As we all know, data security is a never-ending battle. Every day, we hear of new data breaches. It's a hard problem, and there is no single solution, other than a defense in depth.
Let's look at one of those defenses for databases: query control.
Query control is a simple idea: most applications access their database(s) in a fairly predictable way. We can therefore record the requests from these applications during a period of time (like during testing). We'll call this the recording phase.
Once we're satisfied that we've seen all the request types we're likely to see, we can lock down the application by rejecting (or maybe just flagging) any requests we haven't seen before. We'll call this the enforcement phase, which is normally used during production.
This guarantees that, no matter what happens, the application will never be able to do anything in the database that it hasn't done before. This is not a fix-all, but it's a good defense.
Obviously, this approach is appropriate only for applications that do, in fact, issue a finite number of query types, but that includes many, perhaps even most applications.
In this article, we'll go over the general architecture and concepts.
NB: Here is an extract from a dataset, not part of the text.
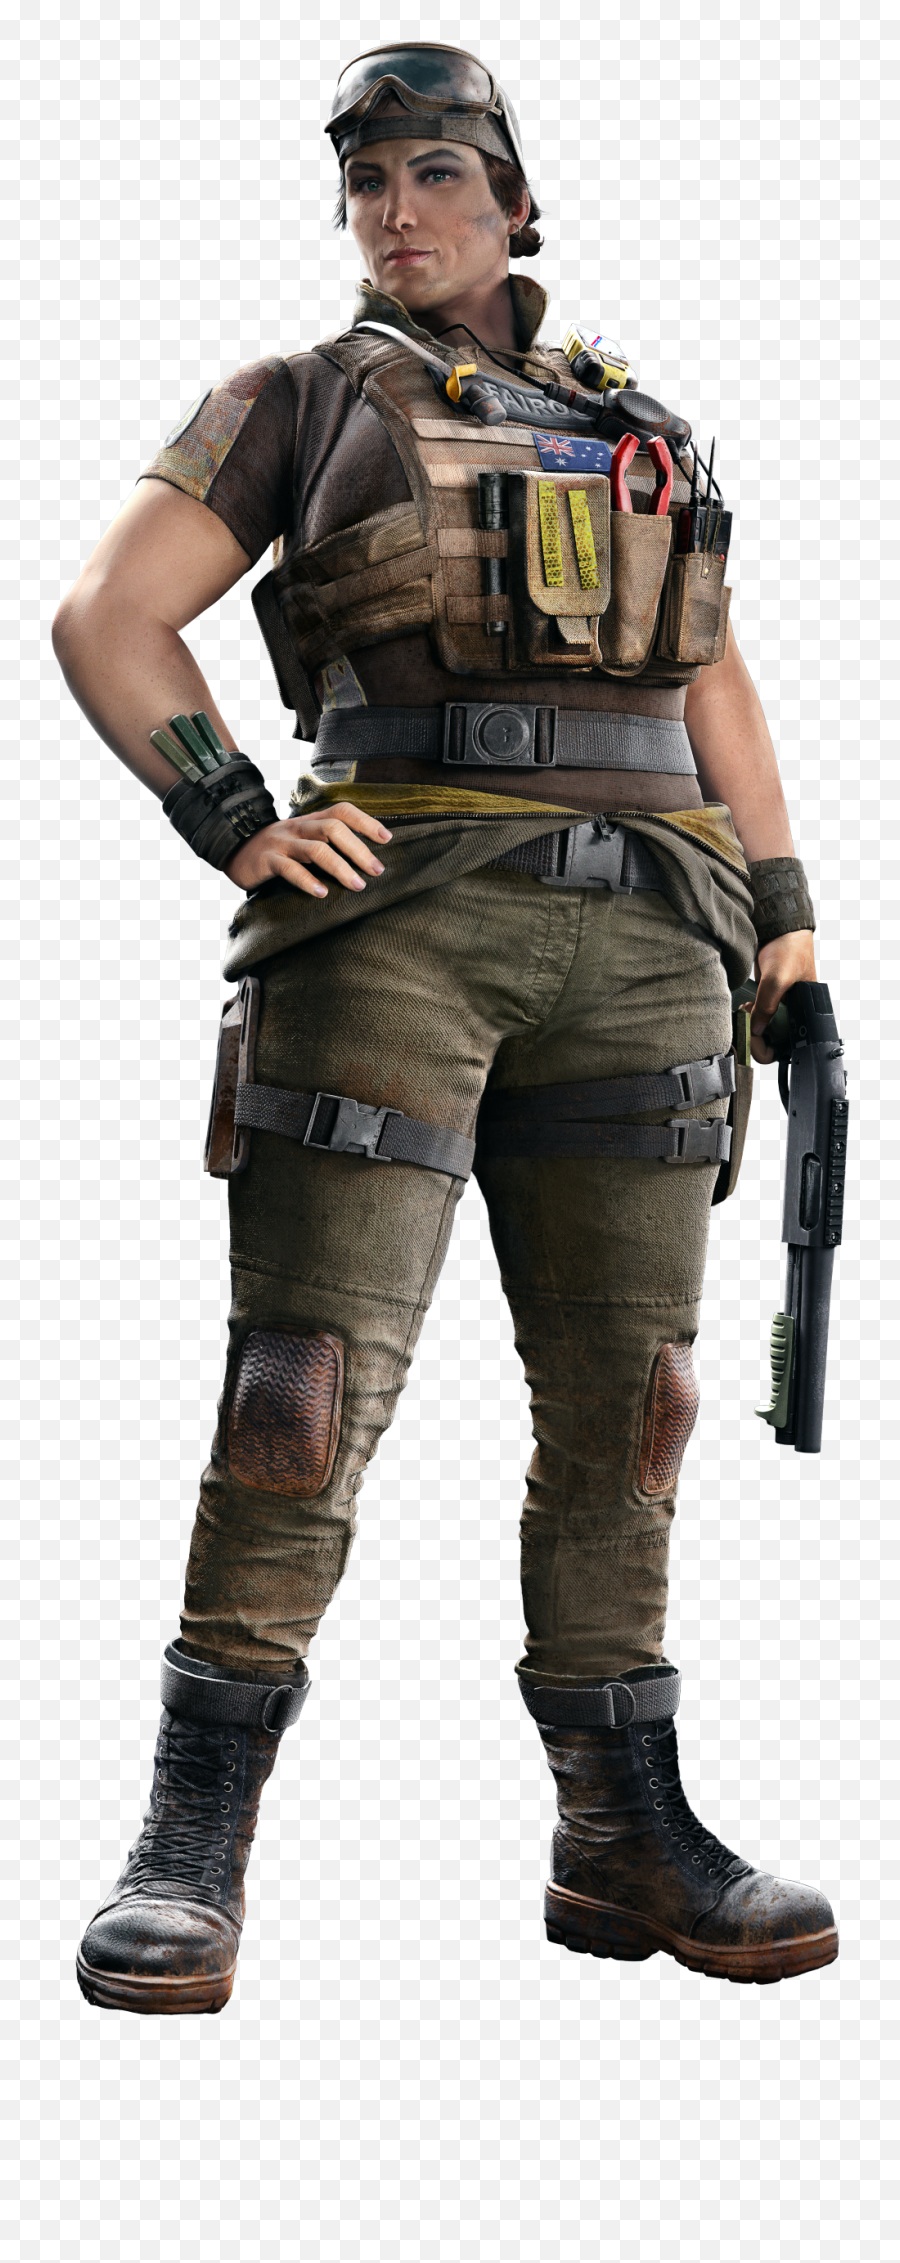 Who Is The Thickest Rainbow 6 Operator Other Than Ela - Quora Gridlock Rainbow Six Siege Png,Jackal R6 Icon

If you're not afraid to get your hands a little bit dirty, you can then try the step-by-step tutorial showing how to try this on your own machine -- all it requires is Docker.
Query control has a number of benefits:
it's easy to put in place, since it doesn't require any changes to the database(s) or the applications
it can mitigate the damage if an application gets compromised
it can really help with compliance, since we literally know every request that will be allowed to run
it can protect us from SQL injections (and other injections -- this concept is not limited to SQL)
it will allow us to quickly detect a change in the behavior of the applications, which can be a sign of mischief
This is not an original idea: there are some (very expensive) products that do this type of thing, but we can roll our own, at no cost, using off-the-shelf components.
To do query control, we need two new components:
Level 1: minimalist
The simplest system we can put together is:
a query filter in Gallium Data to intercept requests and record them in the request database - this is the recording filter
another query filter to verify that the request is present in the request database - this is the enforcement filter
The queries will be stored in the world's simplest table:
though the request database doesn't have to be relational: something like Redis or MongoDB would work equally well.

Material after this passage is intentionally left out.